Pour obtenir un engrenage supérieur, la dimension de la roue avant fut graduellement augmentée – produisant la bicyclette à grande roue bien connue, aussi connue sous l’appellation ‘’Classique’’ ou ‘’Grand-bi’’. La grande roue située à l’avant requérait que le cycliste ait une posture droite, plutôt que semi-couchée, de manière à prévenir toute interférence entre ses jambes et la circonférence de la grande roue lors d’un virage. Cette posture droite, combinée à la position élevée et avancée du cycliste, a donné lieu à une bicyclette qui était très dangereuse, tendant à projeter celui-ci à une grande hauteur par-dessus le guidon lorsqu’il passait sur une grosse bosse ou encore lors d’un freinage brusque.

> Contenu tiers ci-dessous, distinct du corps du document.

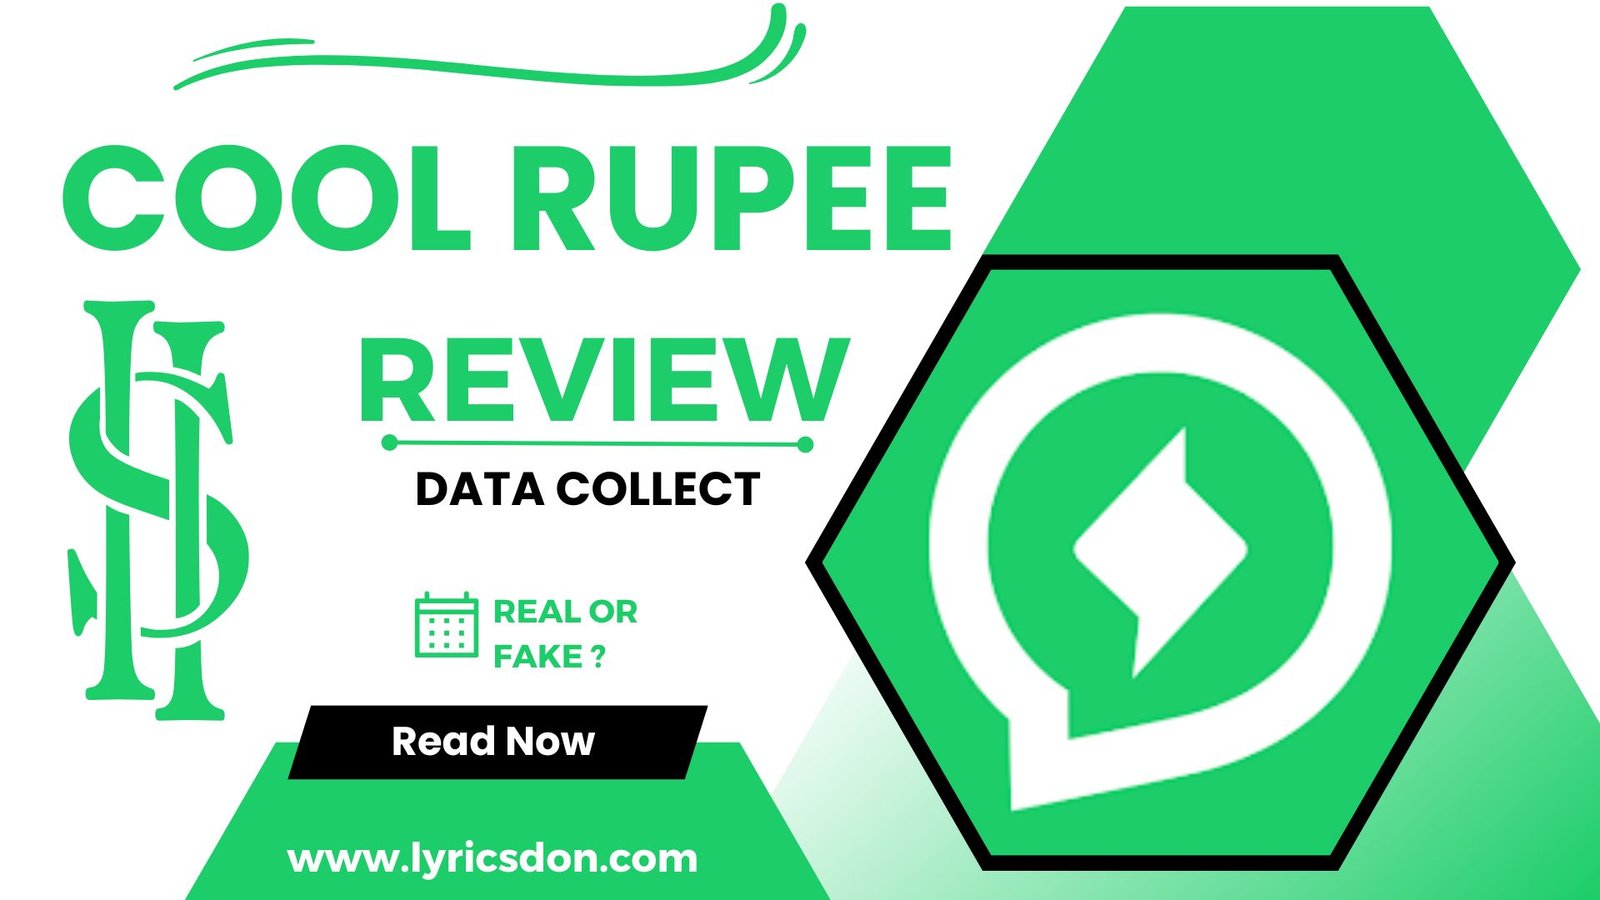 Cool Rupee Loan App Review

Pour répondre à ces préoccupations en matière de sécurité, la bicyclette ‘’safety’’ fut introduite au milieu des années 1880. Cette conception, qui n’a pas changée de manière significative jusqu’à ce jour, a déplacé le cycliste plus à l’arrière et plus bas en employant un dispositif d’entraînement à chaine à la roue arrière. Cela a réduit le risque d’être propulsé par-dessus la roue avant, mais a conservé la même position relevée et droite du ‘’Classique’’.

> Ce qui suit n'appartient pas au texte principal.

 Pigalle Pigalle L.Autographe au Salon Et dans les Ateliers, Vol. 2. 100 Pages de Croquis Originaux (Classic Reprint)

L’autre idée d’aborder la question de la sécurité en réduisant la dimension de la roue avant et de préparer le système d’entraînement fut proposée dans plusieurs modèles, notamment le vélo Bantam, de Crypto Works, des années 1890 illustré ci-dessous. Comme avec la bicyclette de sécurité, ce concept positionne le cycliste plus bas et légèrement plus à l’arrière que le concept ‘’Classique’’, améliorant ainsi la sécurité. Cependant, le vélo sécuritaire était déjà bien établi et le modèle Bantam n’est pas devenu très populaire.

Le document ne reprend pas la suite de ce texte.